Sidr's organization, Islamic Jihad -- which had agreed to a now-tottering cease-fire by Palestinian militias -- promised retaliation.

"The army of occupation will pay the price, along with its soldiers and settlers," Sheik Bassam Sadi, an Islamic Jihad leader, said in a statement posted on a Web site that is closely connected to the group. "The response ... will come at the right time and the right place and will be very harsh."

"The response will be quick, like an earthquake and in the depth of the Zionist entity," an unidentified Islamic Jihad leader was quoted as saying on the Web site.

Thursday's shootout and threats of revenge were more evidence that the three-month Palestinian hudna, or cease-fire, declared on June 29 has all but broken down. Two Israelis and seven Palestinians, including two teenage suicide bombers, have died in the conflict since last Friday.
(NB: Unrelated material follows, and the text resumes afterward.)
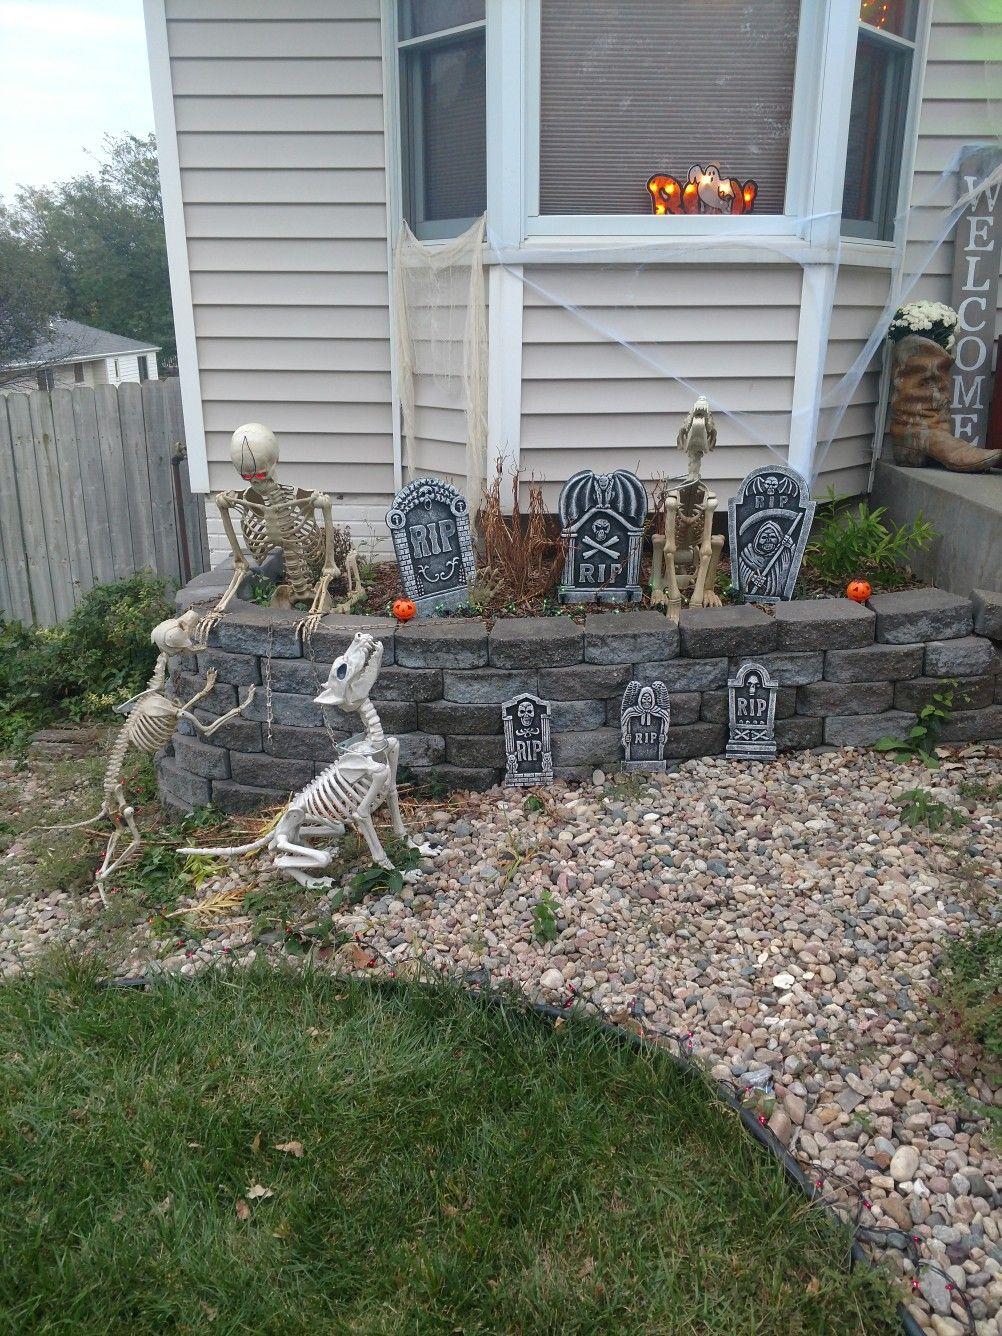 Halloween Yards 2020 Grave Pet Pet cemetery. Skeleton. Dog skeleton. Halloween decorations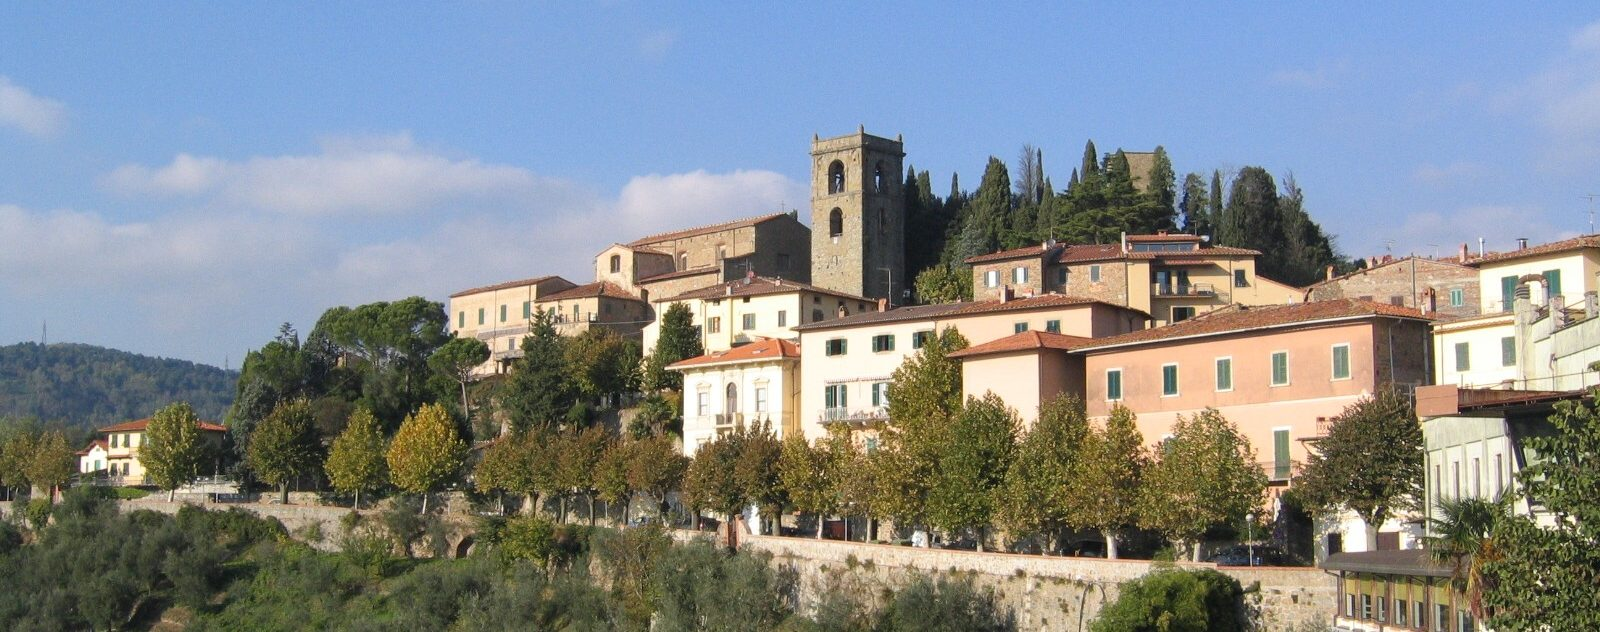 Montecatini Alto near Montecatini Terme

Radical Muslim groups such as Hamas say they respect the cease-fire but reserve the right to strike back if attacked. The groups say that Israel brings reprisals upon itself by pursuing and arresting suspected militants despite the cease-fire, which produced six weeks of relative calm before nearing collapse this week.

"The Zionist enemy started with the violations, and what the resistance will do is considered a natural response to the crimes of the occupation," Sharif Tahayneh, the leader of Islamic Jihad in the West Bank city of Jenin, said in a telephone interview. "The hudna cannot last while there is no commitment from the enemy."

But the Israeli government says that it must act to defend its citizens in the absence of progress by the Palestinian Authority in disarming extremist groups, as demanded by the latest Middle East peace plan, known as the "road map."

Israeli Defense Minister Shaul Mofaz referred to Sidr, who allegedly organized attacks that killed or wounded many Israelis, as a "ticking bomb." Israeli security sources said he was planning an imminent attack, but they did not give details.

Political finger-pointing, and now the possibility of a renewed cycle of carnage, has paralyzed progress on the U.S.-backed peace plan. Israel has already put a freeze on restoring parts of the West Bank to Palestinian control, and the Palestinian Authority has accused Israel of acting in bad faith.

Mofaz and the head of Palestinian security services, Mohammed Dahlan, met Thursday night to try to inch the peace initiative forward.

Each side has appealed to Washington to pressure the other to fulfill its obligations under the three-phase road map, which envisions an embryonic Palestinian state by year's end, upon completion of the second phase.

But both parties remain stuck in the first phase -- disarmament of Palestinian militants and Israeli withdrawal from parts of the West Bank.

The cease-fire provided breathing room for the two camps to try to resolve some of their disagreements. But a bloody confrontation between the Israelis and suspected Hamas members last Friday in the West Bank city of Nablus, which left four Palestinians dead, triggered the latest round of violence.

Israel's attempt to capture Sidr on Thursday was not its first. It struck at him with a missile in December 2001 but killed two boys, ages 2 and 13, who were in the car he was driving.

Sidr was the head of Islamic Jihad in Hebron, a city holy to both Muslims and Jews and a volatile area where Palestinians and Jewish settlers live in constant tension. Israel blames him for the deaths of 19 Israelis and two foreign observers.

Sidr was allegedly behind a December 2002 shooting spree inside a Jewish seminary near Hebron in which four students were killed while getting ready for a Sabbath meal.

The previous month, Palestinian snipers gunned down 12 Israeli soldiers and security officers on a narrow road leading to an ancient and much-disputed shrine in Hebron. The army identified Sidr as the organizer of that attack as well.

Israeli soldiers closed in on Sidr at a building in Hebron's crowded center in the early hours of the day. The military said it called out to Sidr to surrender but that he responded with grenades and gunfire, which troops returned.

After a standoff of several hours, the army launched an antitank missile, which triggered a chain of blasts inside the building, Israeli radio reported. Sidr's body was dug out of the rubble afterward.

"No doubt that the assassination of Mohammed Sidr will have its impact on the Islamic Jihad movement," Tahayneh said, acknowledging Sidr's importance to the group. "Sidr was symbol and a leader of the resistance in the Hebron area."